Ebenso unzutreffend ist indessen die Ansicht des Berufungsgerichts, die Abrechnung der auf die Beklagte entfallenden Leistungen sei auf der Grundlage der im Zeitpunkt der tatsächlichen Ausführung der Arbeit bestehenden allgemeinen Preissituation vorzunehmen. Diese Ansicht kann weder auf die Erwägung gestützt werden, im Umfang der Mithaftungsquote der Beklagten habe die Klägerin keine Gewährleistung erbracht, sondern quotal den Mangel eines anderen beseitigt, noch greift die Erwägung, der Klägerin könne bis zur rechtskräftigen Entscheidung am 19. Juli 2006 eine Verzögerung der Mängelbeseitigungsarbeiten nicht angelastet werden. Die quotale Beteiligung der Beklagten an der Mängelbeseitigung in Form eines Kostenzuschusses ändert nichts an der Natur des Mängelbeseitigungsanspruchs. Der auf § 633 Abs. 2 Satz 2 BGB (bzw. § 13 Nr. 5 Abs. 1 VOB/B) beruhende Anspruch ist auf die Behebung der Mängel auf Kosten des Unternehmers gerichtet. Er ändert sich nicht dadurch, dass der Unternehmer Anspruch auf Zuschuss hat, wenn der Besteller den Mangel mitverursacht hat. Unzutreffend ist auch die Erwägung, der Klägerin sei eine Verzögerung nicht zuzurechnen, weil ihre Verpflichtung erst durch die rechtskräftige Entscheidung vom 19. Juli 2006 festgestellt worden ist. Auf die Rechtskraft der Entscheidung kommt es nicht an, weil damit nur die zwischen den Parteien von vornherein bestehende Rechtslage festgestellt ist.

2.

Der Unternehmer hat die ihm zum Zeitpunkt der Ausführung tatsächlich entstandenen Kosten darzulegen und zu beweisen. In Höhe des Mitverursachungsanteils des Bestellers besteht für ihn ein Anspruch auf Zuschuss.
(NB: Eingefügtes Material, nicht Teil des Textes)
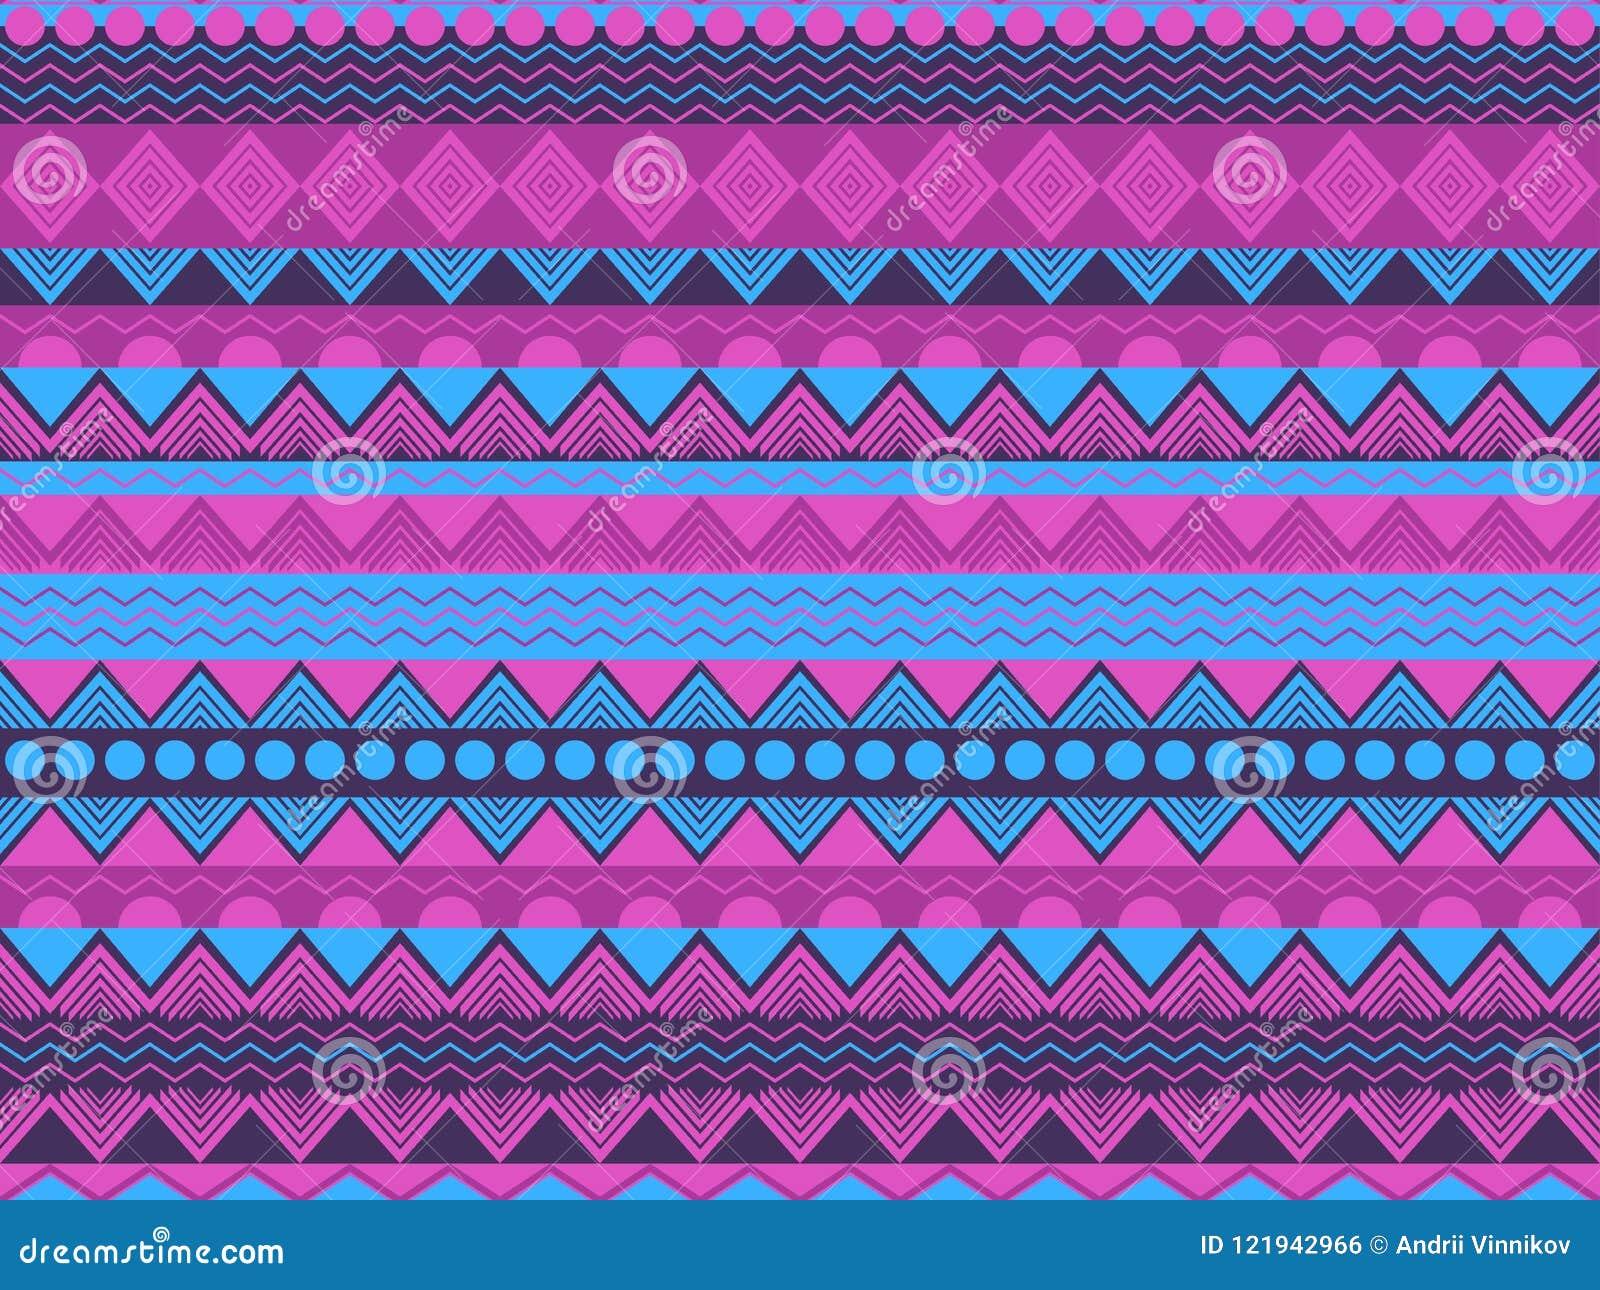 Ethnische nahtlose Muster-, violette und Blauefarbe Stammes- Gewebe, Hippieart Für Tapete Bettwäsche, Fliesen, Gewebe

III. Da diese Kosten vom Berufungsgericht bisher nicht festgestellt sind, kann der Senat in der Sache nicht selbst entscheiden. Das Berufungsurteil ist daher insoweit aufzuheben und die Sache ist zur neuen Verhandlung und Entscheidung an das Berufungsgericht zurückzuverweisen.